Rouge de honte, l'anglais se contenta de grommeler une remarque incompréhensible. Hors de question que tout le monde apprenne qu'il avait effectivement appris deux ou trois choses grâce à marraine la bonne fée. Même si ses sorts de transformation l'aidaient bien à se nourrir lorsqu'il fallait changer ses plats en quelque chose de comestible.

- Bref, que puis-je pour vous, mes chers enfants ?

- Nous aurions besoin de nous rendre là où est son prince charmant sans être reconnus ou entendus, expliqua la jeune femme avec un grand sourire.

- Aucun problème, mais la magie ça prend un certain temps. Alors, poursuivit-elle en réfléchissant, il faut que je me souvienne de la formule magique...

- On en a encore pour un moment, soupira Arthur.

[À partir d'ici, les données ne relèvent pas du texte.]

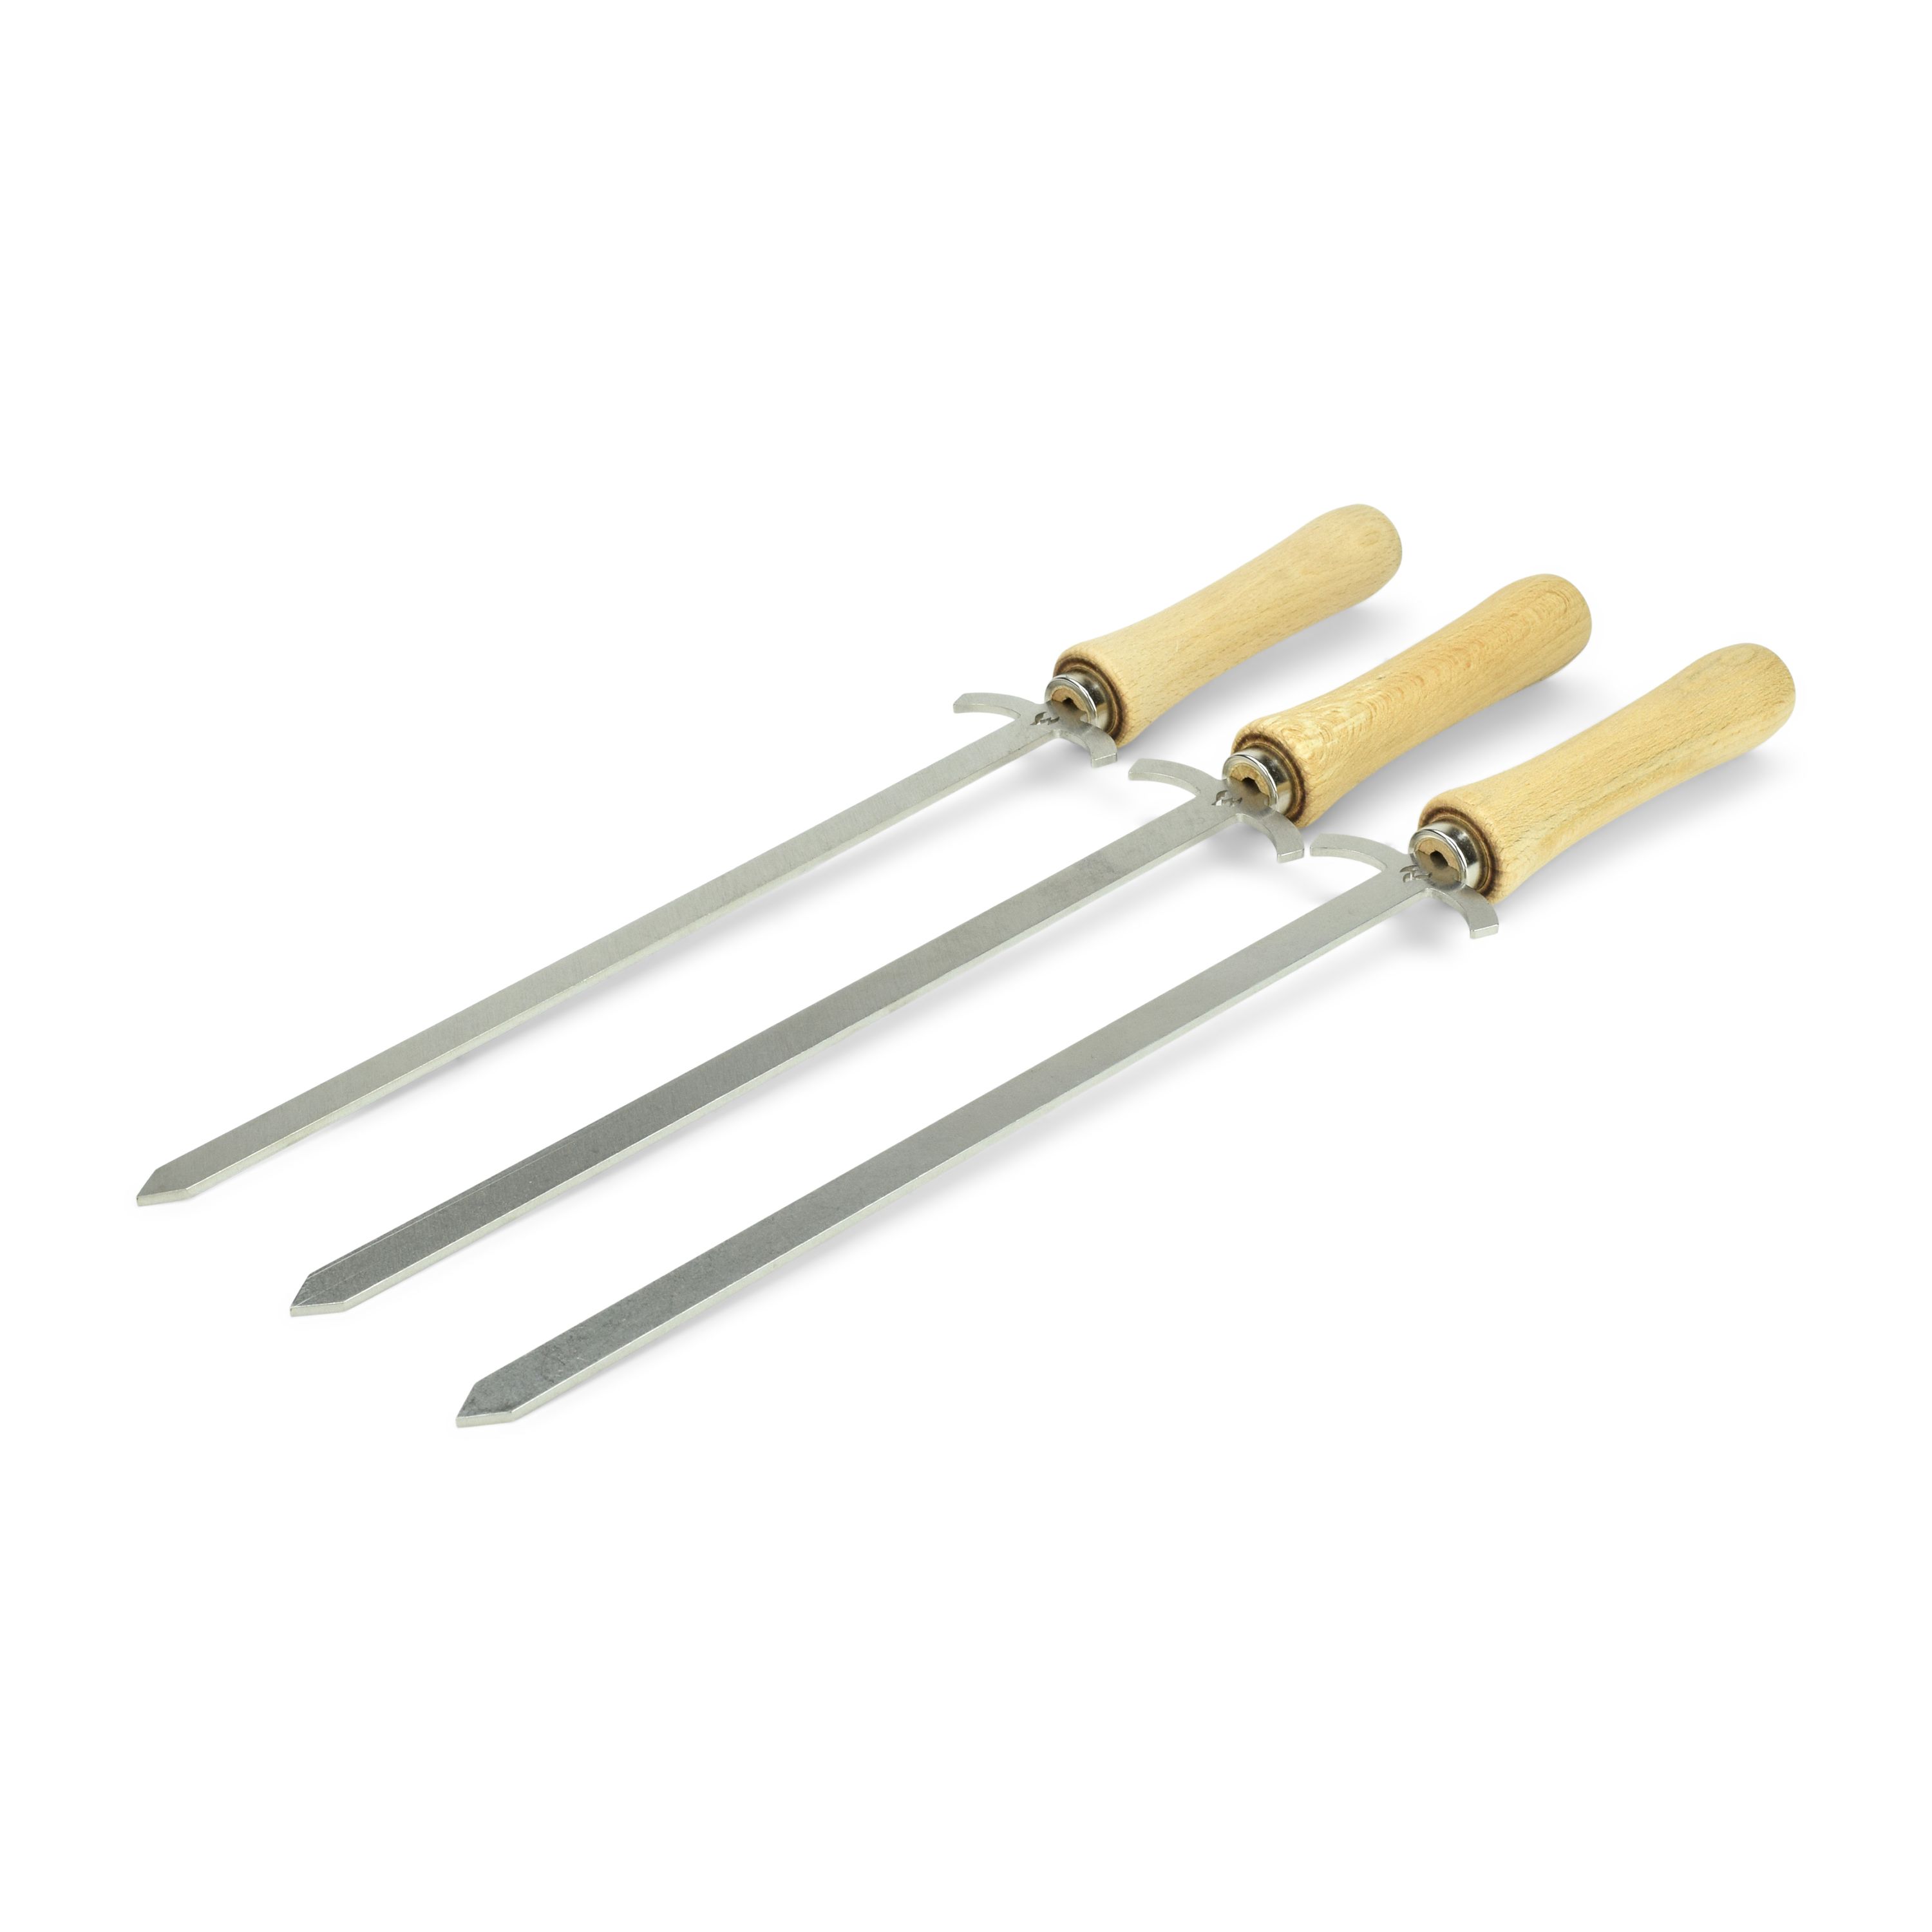 3 épées de barbecue en acier inoxydable la brochette à barbecue un peu différente - 44 cm de long

- Ah, ça y est ! Bibidi, bobidi, boo !

Dans une explosion de paillettes argentées, les trois personnes disparurent. Quelques instants plus tard, Arthur et Cendrillon réapparaissaient seuls sur le parvis de Notre-Dame de Paris. Avec un sourire angélique, la jeune femme ouvrit discrètement la porte et poussa l'anglais à l'intérieur, juste à temps pour entendre une conversation animée entre une jeune femme brune et un grand blond, dont Arthur reconnut immédiatement la voix.

- En réalité, je ne supporte pas l'idée de le voir avec un autre parce que personne ne le mérite. Pas même moi. Mais je suis certain d'être celui qui est prêt à faire le plus d'effort pour y parvenir.


Comment ça je suis trop fleur bleue ? Moi ? Naaaaaan vous vous faites des idées. Je suis dark et ténébreuse. Si si, pour de vrai.

Les reviews font toujours hyper plaisir, et n'hésitez pas à laisser en commentaire un couple que vous aimeriez voir d'ici quelques temps !

Plein d'omelettes norvégiennes pour vous ! (demande de Dulanoire sur une autre fic mais je transfère parce que je sais qu'elle lit ce recueil aussi)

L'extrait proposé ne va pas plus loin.